Orelhas de burra
Quase sempre se começa ao contrário no que toca às políticas de educação neste país. Sim, é por demais evidente que as escolas estão demasiadas vezes embrulhadas numa lógica burocrático-administrativa e não poucas vezes o aspecto pedagógico acabará por ficar descurado. Até se pode dizer, que em ultima análise os professores não se preocupam com o sucesso dos seus alunos. Mas importa contextualizar afirmações que por si arrasam qualquer tipo de diálogo. Os professores não são um interlocutor fácil. Organizam-se muitas vezes em estruturas sindicais, fortemente corporativas e autistas à mais leve sugestão de mudanças e são na sua maioria resultado da democratização/massificação do ensino superior e por isso bastante jovens e militantes. Mas o que é o Estado tem feito ao longo dos últimos anos para credibilizar e dar condições ao professores para que possam expressar um maior interesse pedagógico pelos seus alunos? Muito pouco. Quem estudou em Portugal nos últimos 20 anos tem a obrigação de saber a quantidade absurda de formulários, certificados, pedidos, matriculas, e demais documentação que teve de preencher e das horas que teve de perder em filas para que o Exmo. Sr. Chefe de Secretaria ou o Exmo. Sr. Presidente do Conselho Directivo se dignassem a carimbar e assinar uma vulgar declaração. Quem nos últimos anos se prestou ao sacrifício de dar aulas, teve de preencher os mesmos milhares de impressos, fazer contas todos os anos ao créditos acumulados, fazer verdadeiras voltas a Portugal para concorrer nos mini-concursos, tudo para que no final o resultado pudesse ser a possibilidade de viver enfiado num quarto alugado num sítio ermo do país com o direito de ver a família ao fim de semana. Não é possível os professores continuarem a resistir às mudanças fundamentais que afectam o sector da educação, assim como todo o país, mas a ministra tem de começar a tratar os professores como adultos, porque a existir alguma educação neste país, ela devesse exclusivamente ao diligente trabalho da maioria dos professores. |
Publicado por José Raposo às 21:47
Comments on "Orelhas de burra"
O Tonel de Diógenes está a intervir aguerridamente no debate sobre a educação em Portugal. Vinde ler, comentar e participar. (http://toneldiogenes.blogspot.com/)
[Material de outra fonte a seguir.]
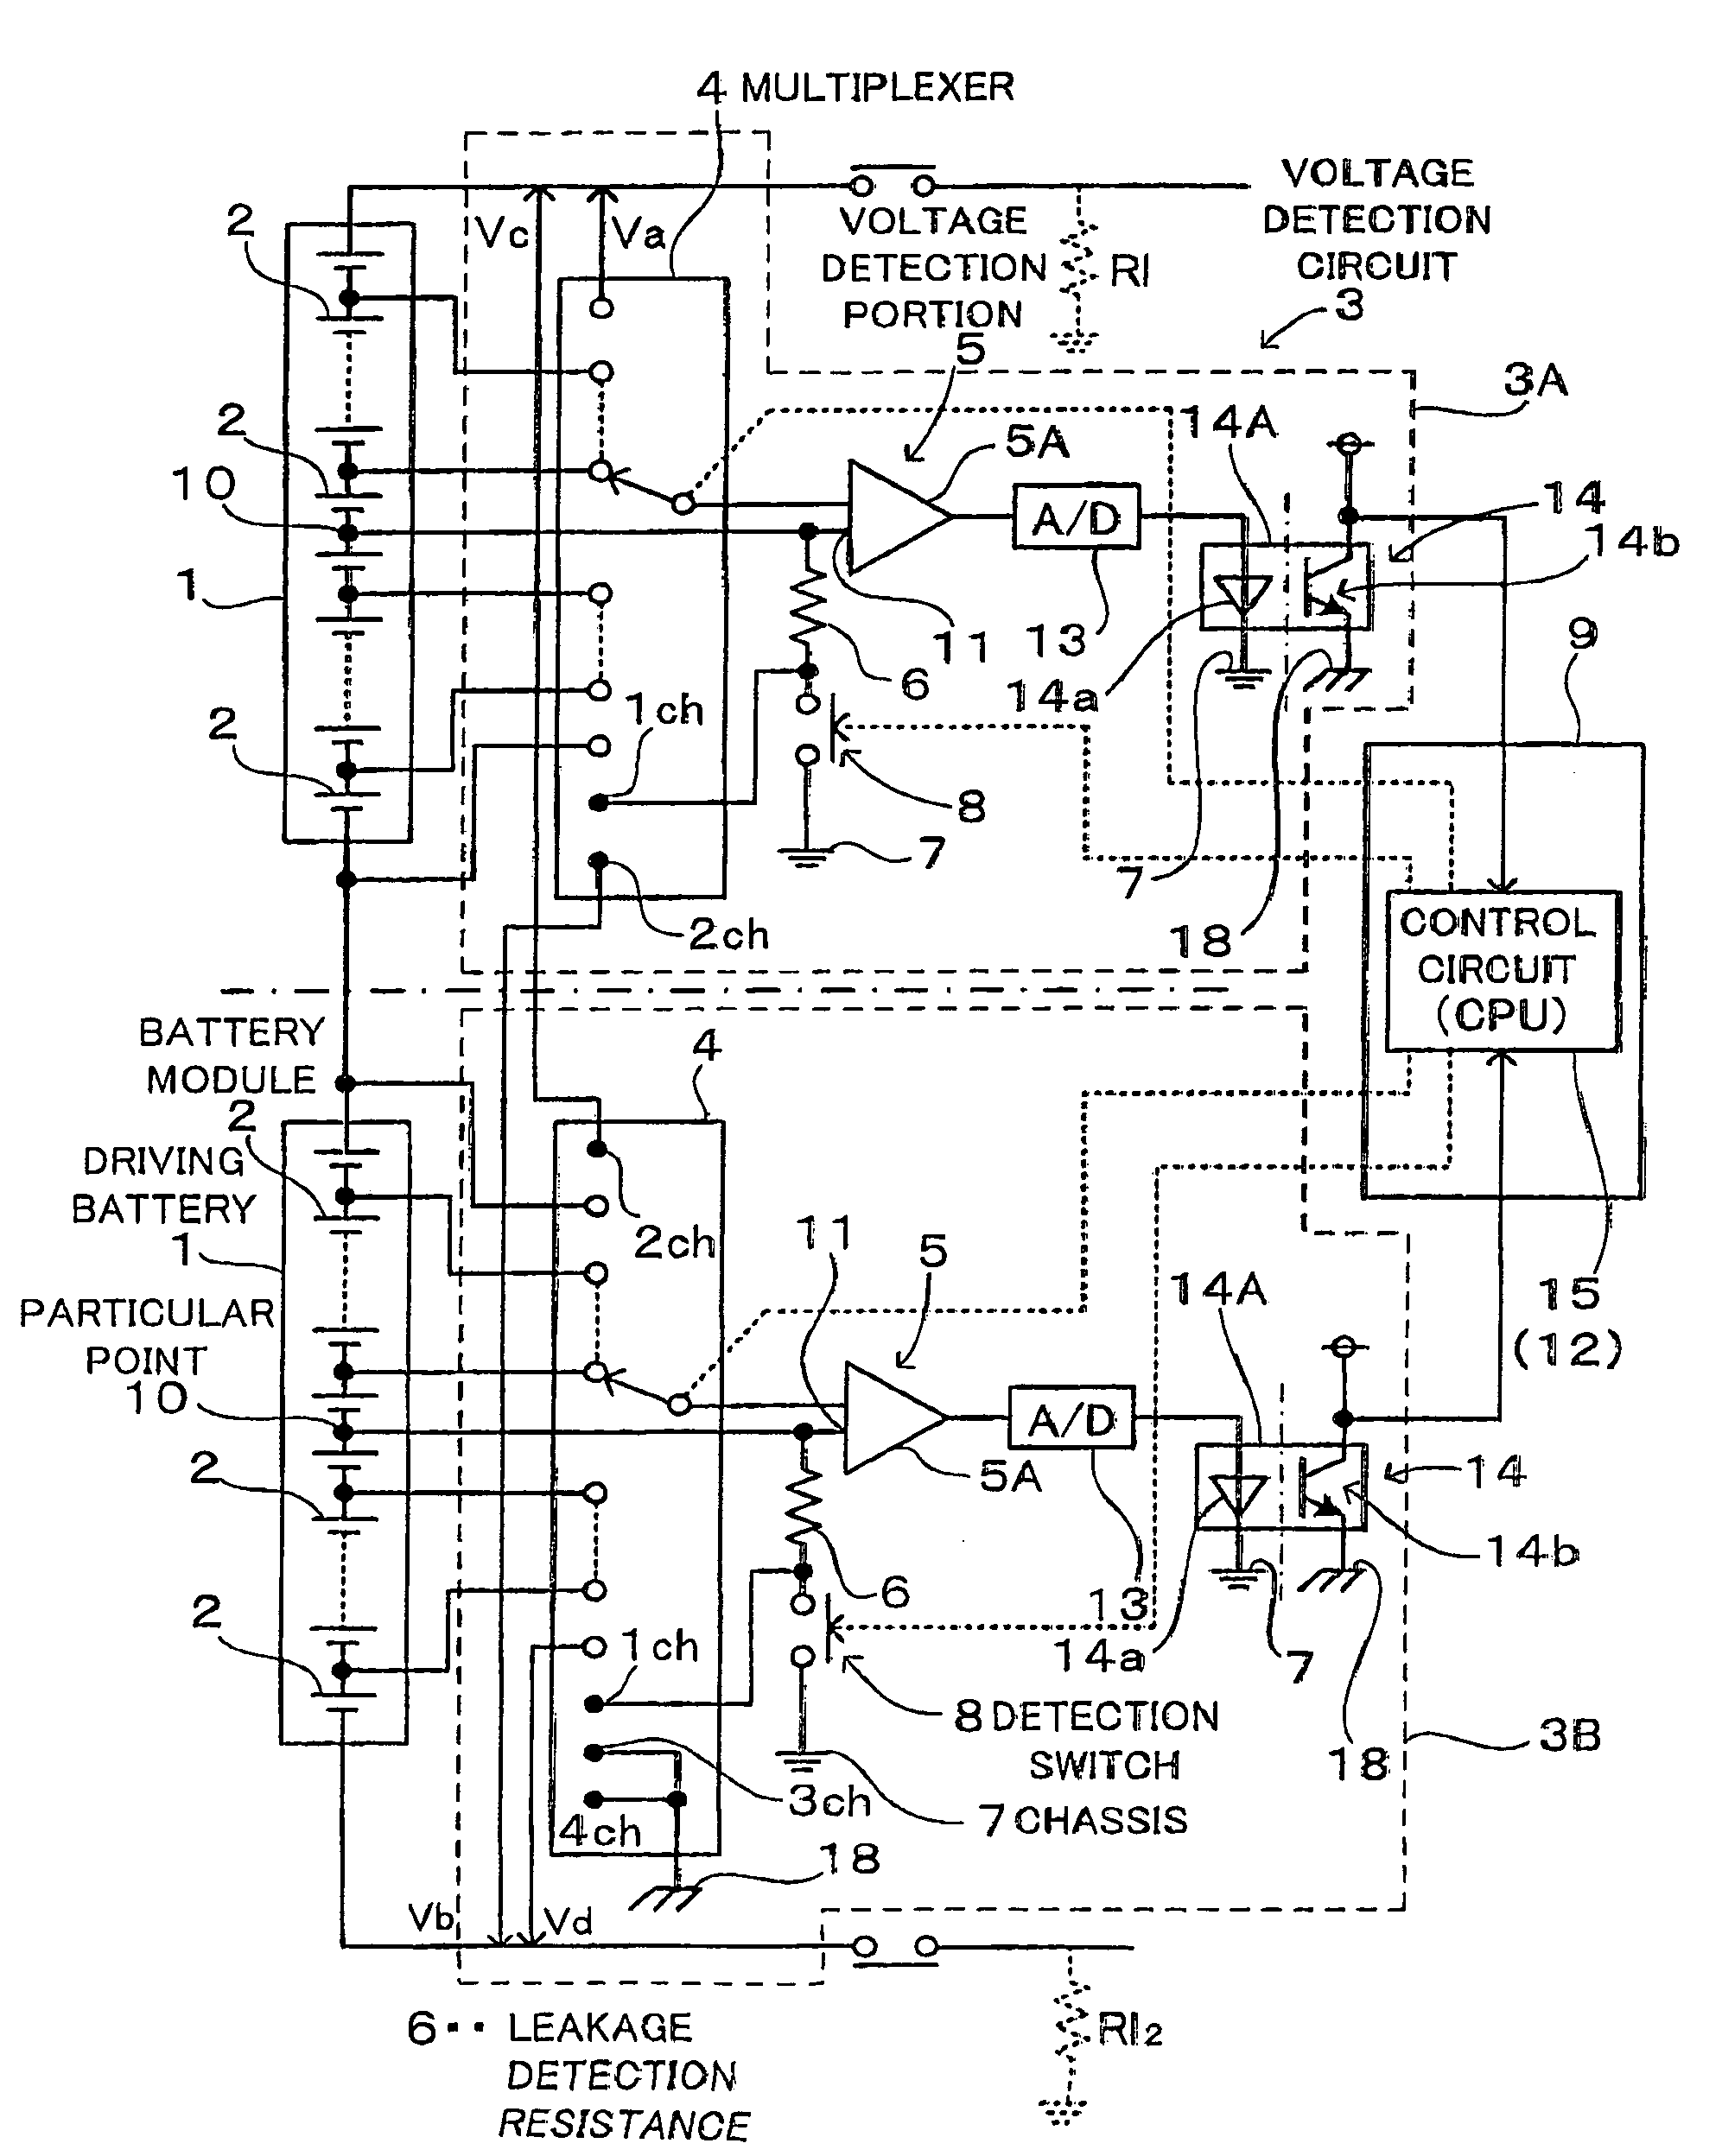 Leakage detector for a power supply apparatus for a vehicle

Tiago, já tive oportunidade de noutras alturas criticar o corporativismo e funcionalismo público dos professores.
No entanto julgo que não é com os pequenos choques em que a ministra parece querer profissionalizar-se que se conseguirá mudar alguma coisa na educação.
Não contesto que existe aversão à mudança, mas há vários caminhos para se fazerem as necessárias mudanças.
Colocar em causa o trabalho dos professores, e não a forma como se organizam as escolas, os programas, as turmas ou a formação contínua dos professores, as colocações, que são matérias que o Estado sempre negligenciou, é um mau caminho.
Tiago,
Sou professor de filosofia. Há 12 anos e já exerci em 10 escolas. Contratado. Até hoje. É claro que eu sou um tipo cheio de sorte. É claro que eu assumo o ónus por tudo o que há de errado com este país e me encarregarei de educar os rebentos que os portugueses, no seu irredutível optimismo, continuam pôr ao mundo.
PS: Esta conversa de que o estado desta choldra é toda dos funcionários públicos já começa a cheirar mal...
O caso Lafforgue, conhecem?
Parece-me um bom contributo para esta essencial discussão.
Para os interessados:
http://grip.ujf-grenoble.fr/
« www.ihes.fr/
(%7Elafforgue/demission.html)
« www.aplettres.org/
« www.sauv.net/
« www.delord.free.fr
ou simplesmente a crónica de Jorge Buescu no número 91, de Jan./Fev. deste ano, da Revista "INGENIUM" (da Ordem dos Engenheiros).
Apenas um cheirinho (cito J. B.):
«Em Novembro de 2005, Lafforgue foi protagonista (...) de um verdadeiro escândalo nos meios da Educação em França. (...) É extraordinariamente instrutivo ler o documento de Lafforgue. A sua análise, embora sobre a catástrofe que reina no sistema educativo francês, transpõe-se praticamente "ipsis verbis" para o caso português.»